In contrast, GOP supermajorities in the Florida Statehouse have helped DeSantis push through an aggressive agenda on multiple fronts, including gender identity, and he has made anti-LGBTQ+ legislation a large part of his messaging as he prepares to seek the Republican presidential nomination. He signed bills Wednesday that ban gender-affirming care for minors, target drag shows, restrict discussion of personal pronouns in schools and force people to use certain bathrooms.

“We just completed what I would say is the boldest and most far-reaching agenda that we’ve seen in the modern history of the Republican Party,” DeSantis told about 30 New Hampshire lawmakers in Bedford.

Their ensuing discussion was closed to the media, but one attendee said he thinks the defeat will motivate Republicans to back DeSantis.

“We really need to push back, because that’s a big issue, and DeSantis is for it,” said state Rep. Ralph Boehm. The lawmaker said he also is a fan of former President Donald Trump but doesn't think Trump will be able to overcome the “lies” that Boehm said are spread about him by the media.

“DeSantis, with what he’s done in Florida, is what we need for this country,” he said.

It remains to be seen how DeSantis will fare in New Hampshire, where independents can vote in the Republican primary and voters are accustomed to questioning candidates at town hall forums and other events. Trump won the GOP primary in both 2016 and 2020 but twice lost the state in the general election.

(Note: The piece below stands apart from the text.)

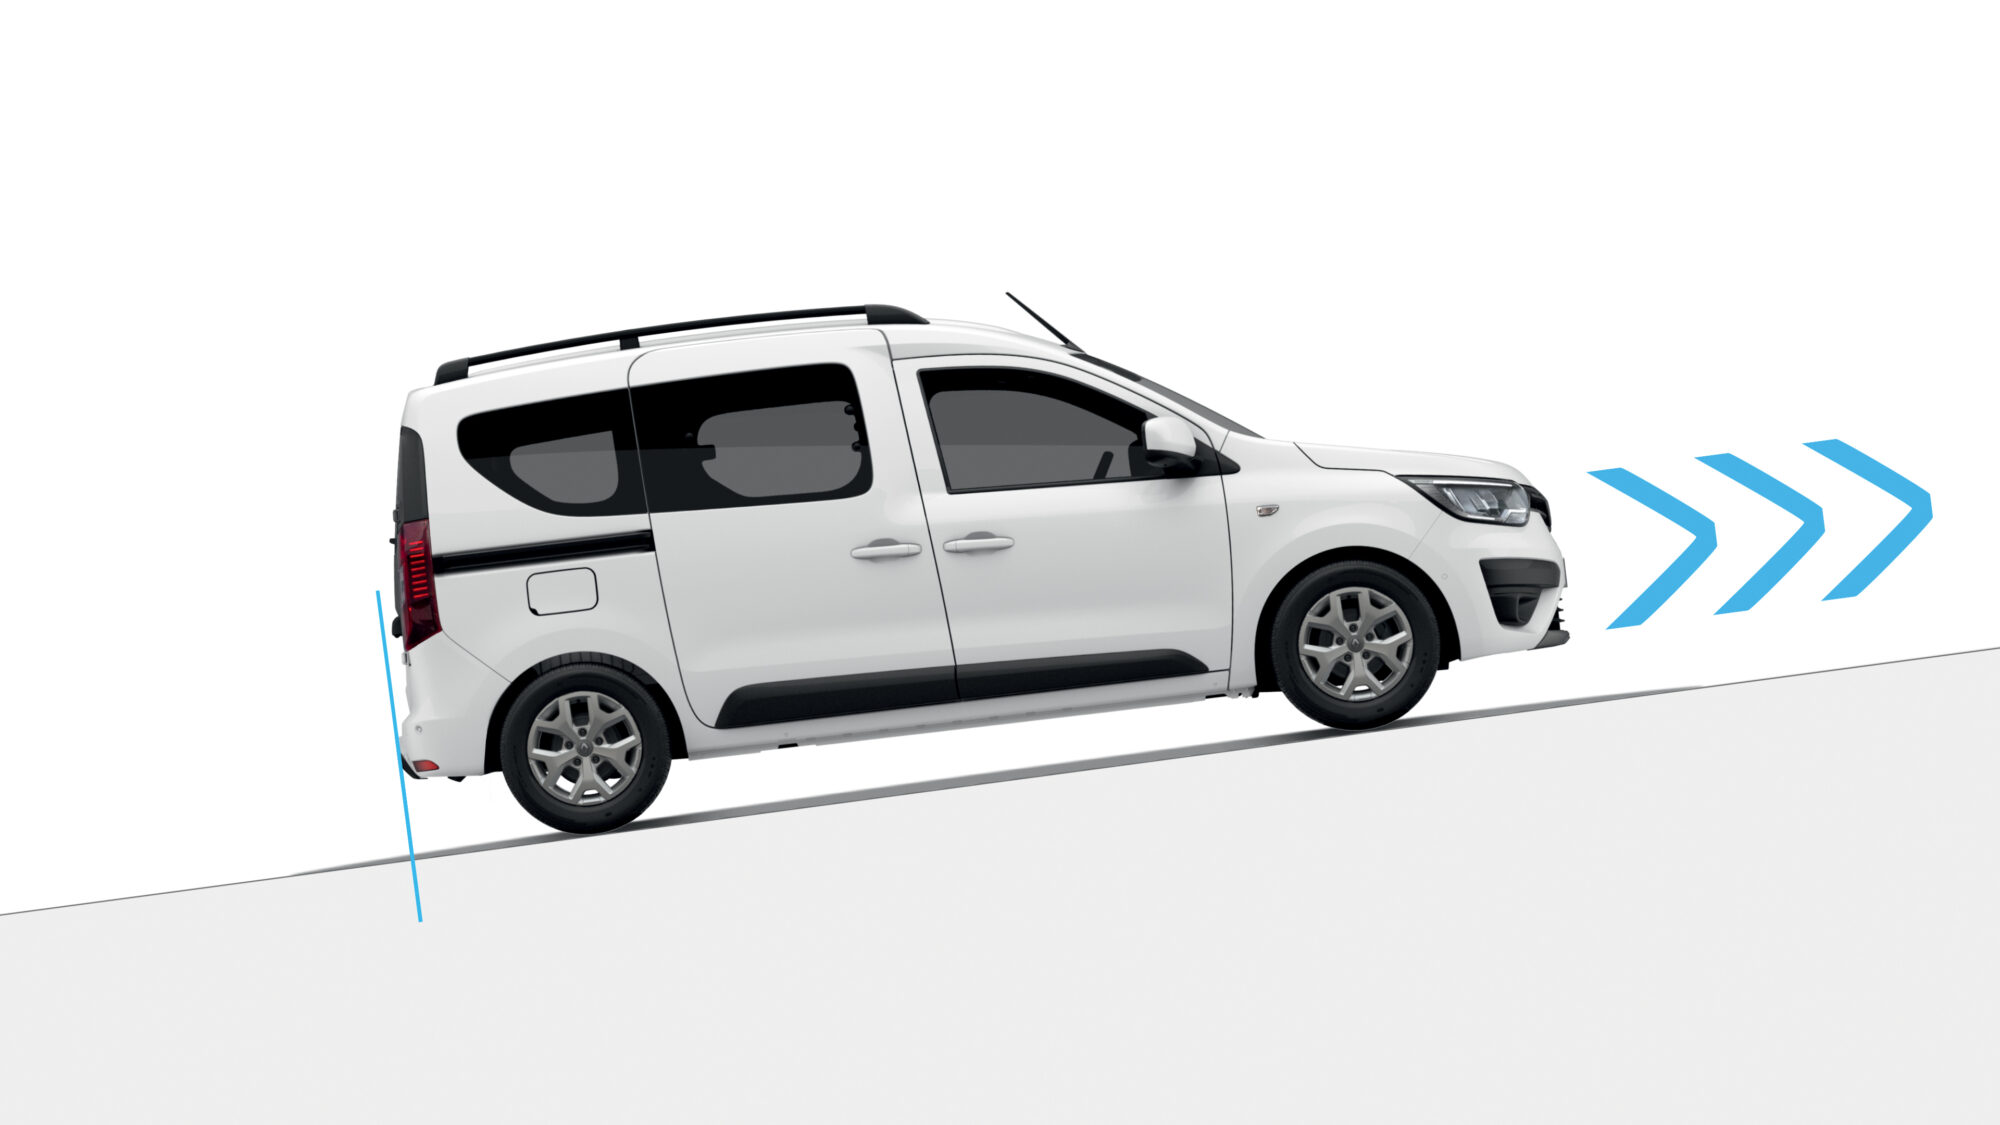 2021 - New Renault Express - Technical Drawings

DeSantis later stopped by the Red Arrow Diner in Manchester, a popular destination for presidential candidates. He briefly chatted with Sybert, who was having breakfast with her two young sons. If he noticed one of the boys was wearing a Mickey Mouse shirt, he didn’t show it, she said.

Disney and DeSantis have been engaged in a tug-of-war for more than a year after the company opposed a state law that bans classroom lessons on sexual orientation and gender identity in early grades.

Sybert, of Deerfield, said she considers herself an independent voter and would probably back DeSantis if he gets in the race because of his “stance on freedom.” She said she was disappointed about the failed state legislation and hopes the next president will champion the issue.

“New Hampshire is good in a lot of ways but it could be better, and it would be nice to see that at the federal level as well,” she said.